Я застыла от ужаса. Док ответил за меня, что мой старик – Маленький Будда, наш новый казначей, хороший парень. Я молча кивнула. Легенда тоже кивнул. И снова я ощутила эту сбивающую с толку ярость, что разрасталась в моем сознании; я попыталась заставить себя заговорить. Я резко вышла из задумчивости и сообразила, что нарушила свое главное правило. Я отвлеклась, и это была большая ошибка. Легенда улыбался по-волчьи, а Док выглядел встревоженным. Что-то позабавило Большого Человека. Он заговорил снова:

– Док тут сказал, что ты, типа, умная, а, типа, художница, а? Да? Я те вот скажу, пошли-ка со мной, я те покажу кой-какие художества…

Он отклеился от подлокотника и, покачиваясь, побрел сквозь толпу, я пошла следом. После прямого приказания у меня не оставалось выбора, кроме как идти за ним. Шум стихает, все следят за нашими движениями, мужчины ухмыляются, их женщины подталкивают друг друга локтями. Это похоже на дурной сон, из которого я не могу убежать; я могу лишь повторять про себя: не паникуй или все пропало. Мы чуть не сбиваем каминную полку, наши влажные, искаженные отражения колышутся в засиженном мухами зеркале, точно в грязном пруду. Атмосфера густеет и раскаляется от предвкушения. Легенда вяло тычет в большую куполообразную птичью клетку на каминной полке, покрытую тканью. Я слышу, как Док шепчет: «Вот дерьмо», – но мне внезапно легче. Птичья клетка, слава богу! Должно быть, внутри экзотическая птица, большой старый попугай или что-то в этом роде. Ну, если это птичья клетка…

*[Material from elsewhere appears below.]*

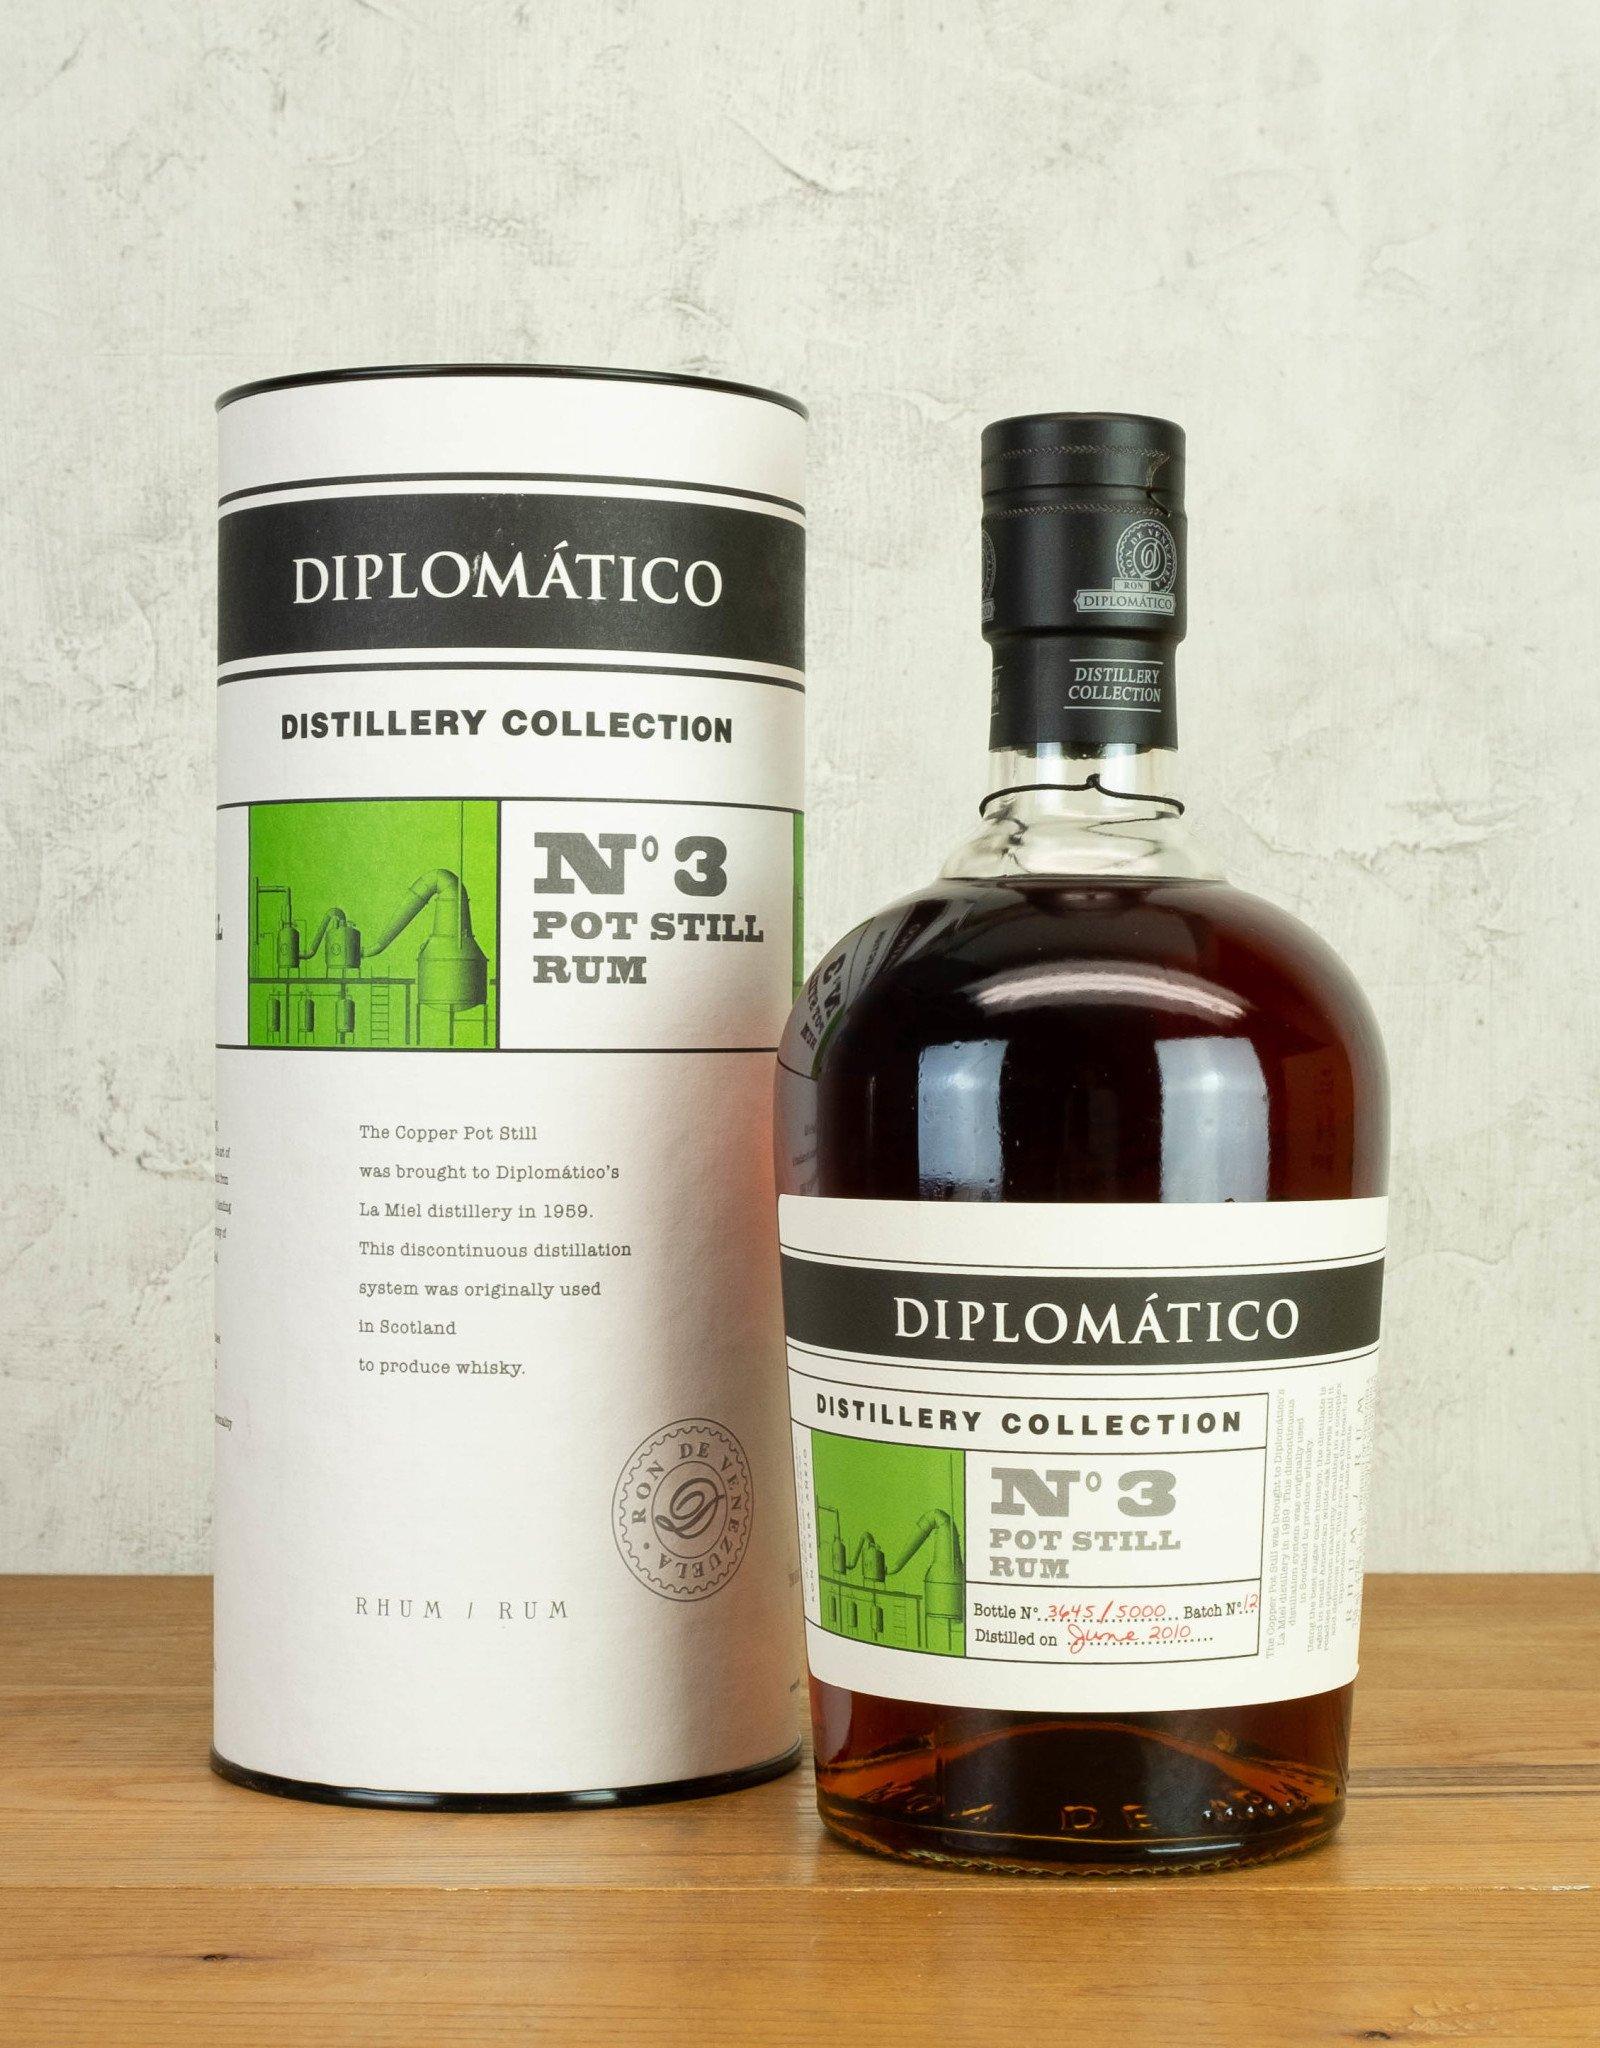 Diplomatico Distillery Collection No 3 Pot Still Rum

Легенда сдергивает покрывало:

– Как тебе такое художество, а?

Это не птичья клетка. Это очень большой кувшин из толстого стекла. В нем, погруженная в мутную жидкость, плавает отрезанная голова. Глаза полуприкрыты, рот – мягкий, маленький – полуоткрыт. Длинные волосы плавают вокруг, точно водоросли. Это голова молодой девушки. До меня доносится мужской смех, словно эхо в белом, потном холоде, объявшем меня. Я слышу, будто издалека, как Легенда гордо хвастается, что заполучил голову у гробовщика за сотню с лишним фунтов. Затем какая-то женщина пронзительно визжит: «Боже, Боже, Боже», – все громче и громче, и Легенда сердито прикрывает свой сувенир. Я осторожно ушла в вонючий туалет, где меня стошнило.

Это была проверка. Была ли она устроена, задумана Карлом и его старым другом Легендой, чтобы показать «Свите Дьявола», что я достойна стать одной из них? Не знаю, может быть; хотя Карл любил такие штуки: публичное испытание, ритуал, обряд инициации. Такова была политика. Но чего бы он ни добивался, испытание я прошла. Карл должен быть мной доволен, я не опозорила ни его, ни Микки и не подвела клуб. Я вытерла губы и пустила холодную воду из ржавого крана, подставив запястья: мама говорила, что это помогает, когда чувствуешь слабость. Мама, Джен, Боже Милостивый на небесах, как бы они поступили? Как далека я стала от них – не просто на многие мили; мы живем на разных планетах. Меня тошнило, я была как в лихорадке; эта чудовищная, печальная вещь, стоявшая у меня перед глазами, точно подталкивала, тянула меня к какой-то мембране, возникшей у меня в голове, а затем я с влажным треском, на невероятной скорости прорвалась сквозь нее в совсем иную жизнь. Мир перестал быть таким, каким был минутой раньше. Я почувствовала вкус рвоты в глубине гортани и конвульсивно сглотнула.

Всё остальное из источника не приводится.